The loop sprang into a taut circle and a pulsing blue field flickered on, rendering Reski Emantes motionless. Before Robert could react, one of the Keklir produced an oval-snouted sidearm and made discouraging motions with it while his companion steered the immobilised droid over to the front of the balcony and pitched it over the side. The roar of the crowd was thunderous.

Robert and Rosa reached the balcony edge in time to see the helpless droid land on the arena floor and rebound, cushioned by the blue field. Another Keklir dashed over, affixed a small object to Reski Emantes’s plating, then hastily jumped into an open hatch at ringside, which slammed shut. Then, in a cupola-pulpit overlooking the arena, a ridged cowl began folding back into the wall, revealing a gleaming, golden insectoid creature with three mandibles, jutting limbs and three pairs of black faceted eyes along the length of its narrow head, which reminded Robert of a horse skull.

Then the golden master of ceremonies extended one spiny forelimb and pointed at the floating, unresponsive Reski. A harsh, amplified syllable cut through the crowd noise and a moment later the blue restraint field winked out, allowing the droid freedom of movement.

‘This is an outrage!’ it began. ‘How dare …’

The insectoid master of ceremonies drowned out Reski Emantes with its grating, booming speech for a brief moment before a much more familiar voice filled the arena: ‘… probably some oversized, rock-chewing rustbucket with the hardmem substrate of a floor-polisher …’

Spotbeams swept the crowded tiers and angry shouts broke out as translations filtered around the drome.

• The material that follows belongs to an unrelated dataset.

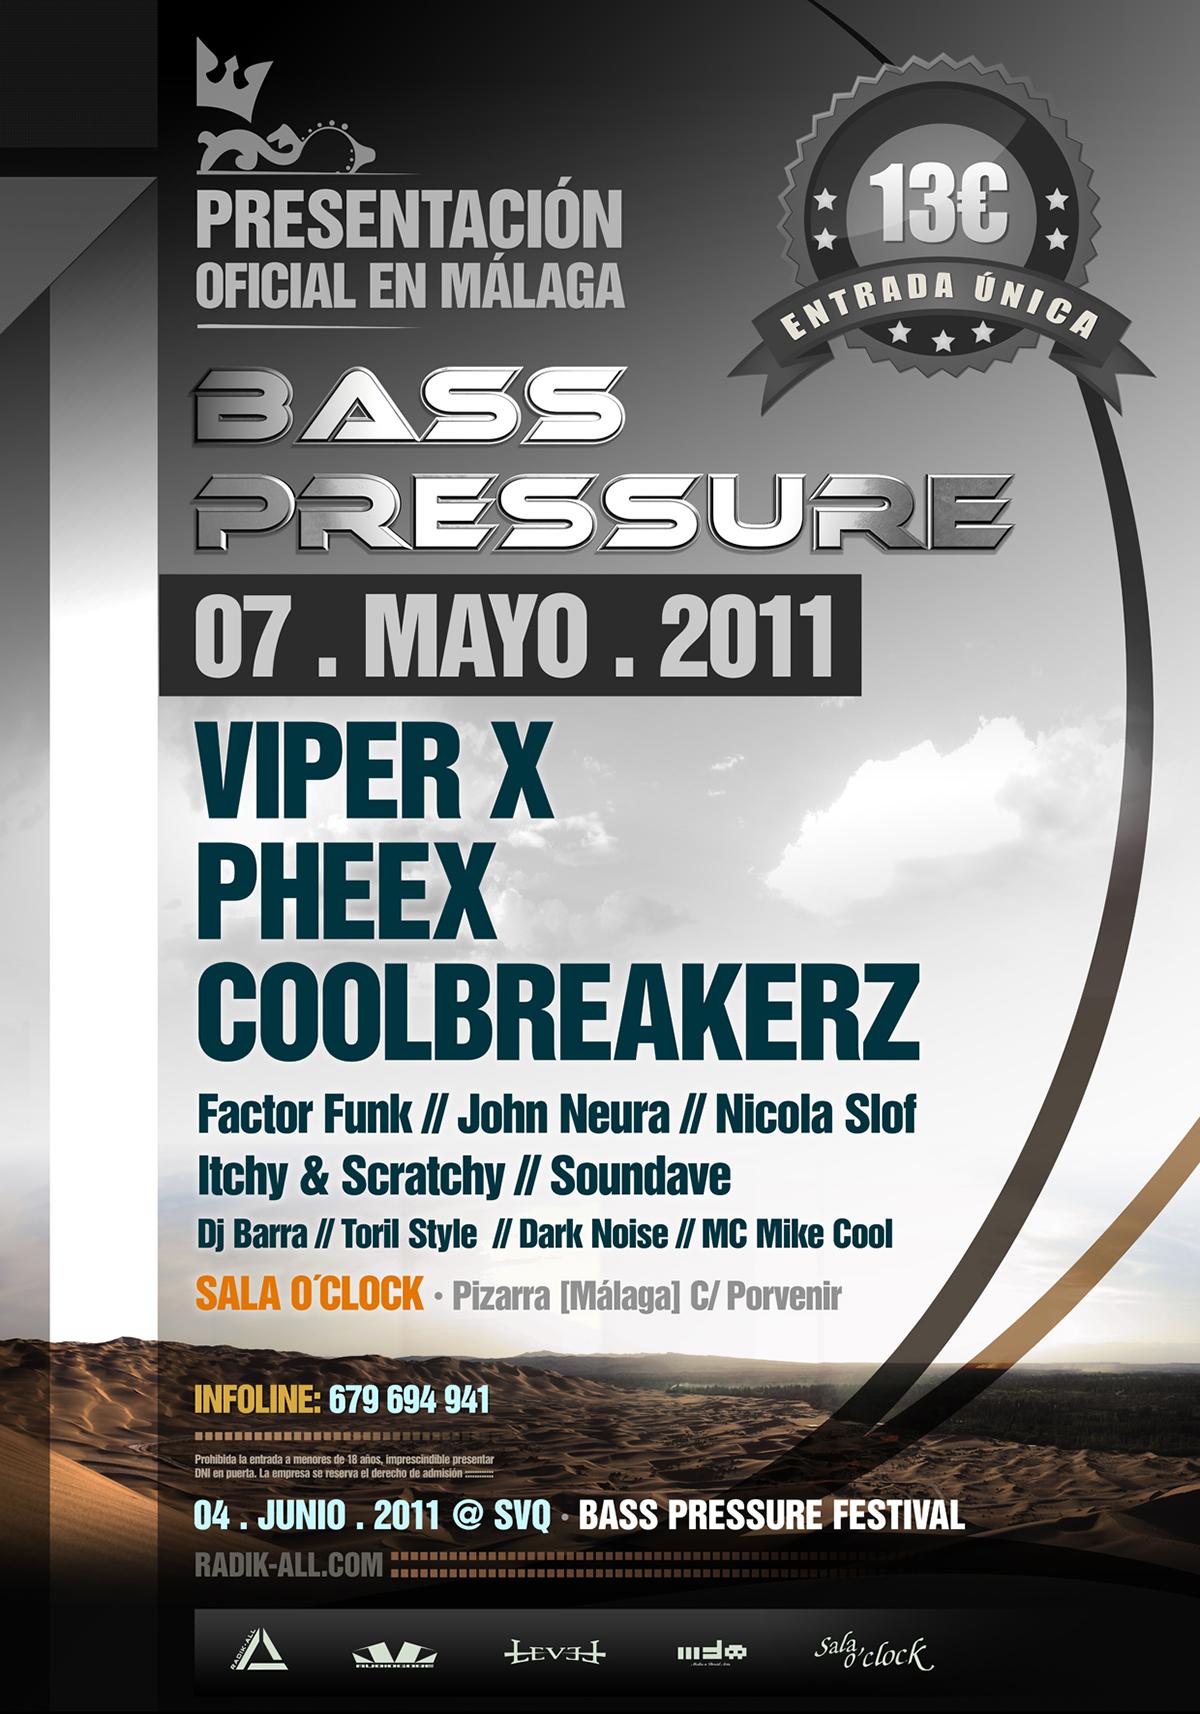 pre-bass-pressure-malaga-2011

As the fury stoked itself, the golden insectoid raised its gleaming forelimbs.

‘Words to the designated challenger – projectile and energy weapons are forbidden, also anti-cognitory fields are forbidden. The attached inhibitor enforces. What words from the designated challenger?’

For a moment there was a cessation of the clamour, and Robert hoped that Reski Emantes would opt for a response with a decent courtesy content. It was a forlorn hope.

‘Your louts broke my urmig eggs, you preposterous bug! …’

In its pulpit the master of ceremonies made a dipping motion with one limb. Directly below, an arched metal door slammed aside and a large, dark green spidery mech emerged. Its torso was a flattened spheroid roughly five metres across with four articulated, armoured legs spaced around the midline. Faceted sensors were dotted over its battered cowling, which bore innumerable dents and scratches, the legacy of past bouts.